Titus Manlius Imperiosus Torquatus was a famous politician and general of the Roman Republic, of the old gens Manlia. He had an outstanding career, being consul three times, in 347, 344, and 340 BC, and dictator three times, in 353, 349, and 320 BC. He was one of the early heroes of the Republic, alongside Cincinnatus, Cornelius Cossus, Furius Camillus, and Valerius Corvus. As a young military tribune, he defeated a huge Gaul in one of the most famous duels of the Republic, which earned him the epithet Torquatus after the torc he took from the Gaul's body. He was also known for his moral virtues, and his severity became famous after he had his own son executed for disobeying orders in a battle. His life was seen as a model for his descendants, who tried to emulate his heroic deeds, even centuries after his death.

== Career ==
Titus's father Lucius Manlius Capitolinus Imperiosus was appointed dictator in 363 BC in order to fulfil religious duties, but instead undertook preparations for war. This resulted in strong opposition from the plebeian tribunes and he was brought to trial at the beginning of the next year, after he had resigned the dictatorship. Amongst the charges against him was that he had banished Titus from Rome on account of his speaking difficulties and made him work as a labourer. Upon hearing of these accusations against his father, Titus went to the home of the tribune Marcus Pomponius, where he was expected by the latter to provide further charges and was thus promptly admitted. However, once they were alone, he drew his hidden knife and threatened to stab the tribune unless he made a public oath not to hold an assembly to accuse Lucius Manlius, which Pomponius agreed to and duly performed. Titus Manlius' reputation grew on account of his filially pious actions, which helped him to be elected as a military tribune later in the year.

In 361 BC, Titus Manlius fought in the army of Titus Quinctius Poenus Capitolinus Crispinus against the Gauls during the Battle of the Anio River. When a Gaul of enormous size and strength challenged the Romans to single combat, Manlius accepted the challenge with the approval of Poenus after the rest of the army had held back from responding for a long period of time. Despite being physically inferior, he killed the Gaul with blows to the belly and groin, after which he stripped the corpse of a torc and placed it around his own neck. From this, he gained the agnomen Torquatus, a title that was passed down also to his descendants.
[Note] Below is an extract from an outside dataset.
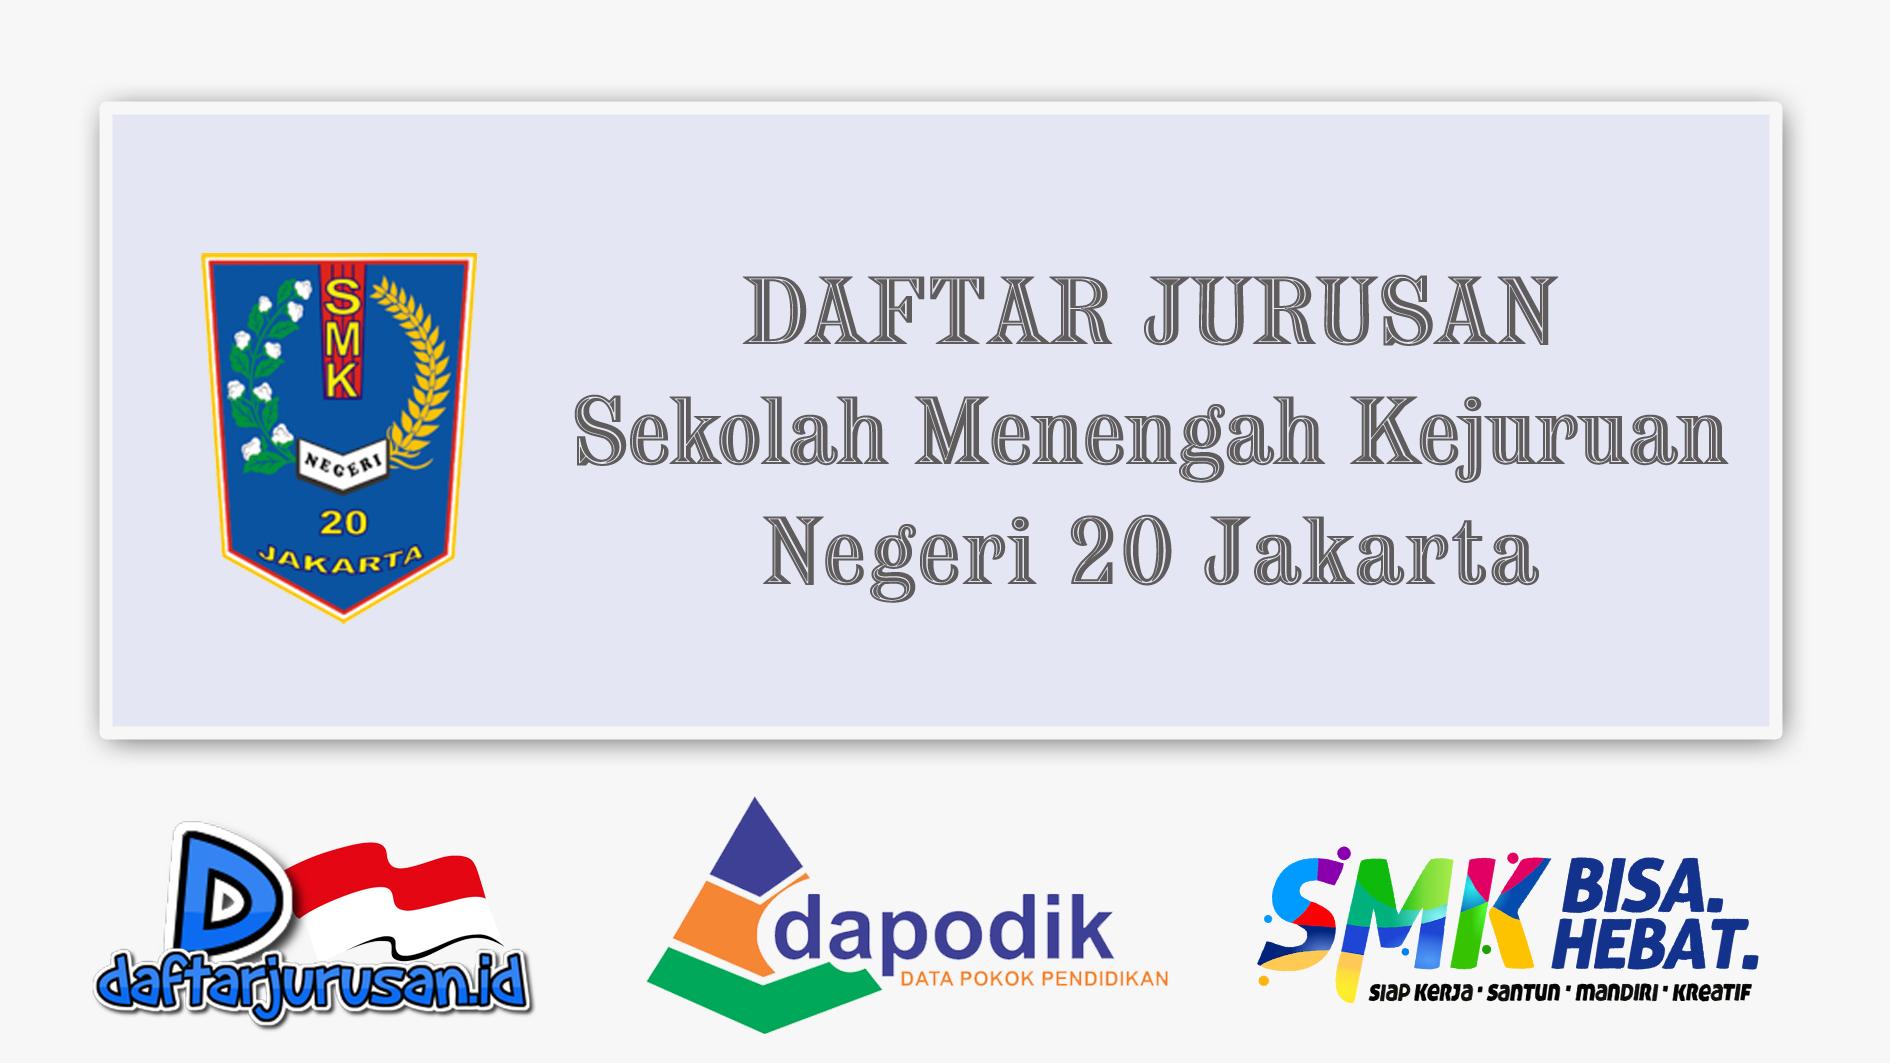 Daftar Jurusan SMK Negeri 20 Jakarta Selatan

In 353 BC, he was named dictator and prepared to attack Caere, but they responded by sending envoys and were granted peace. The campaign was then directed towards the Falisci, but the Roman army found on arrival that the Falisci had disappeared. They ravaged the land but spared the cities before returning to Rome. He was appointed dictator again in 348 BC to oversee elections. A year later, he was elected to his first consulship. His second consulship came in 345 BC.

In 340 BC, when Manlius was consul for the third time, Rome had leadership over the Latin League. It received a delegation from member states headed by Lucius Annius, demanding coequal status in Roman government, such as a place in the senate and a consulship, but Manlius, appealing to Jupiter, refused them. Annius spoke contemptuously of the Roman Jupiter, then lost consciousness and fell down the steps of the public assembly. Interpreting the collapse as divine vengeance, Manlius declared that he would strike down Rome's enemies just as Jupiter had struck down Annius. The Latin embassy required a safe conduct and an escort of magistrates to leave Rome unmolested. Rome realigned itself with the Samnites against the Latins.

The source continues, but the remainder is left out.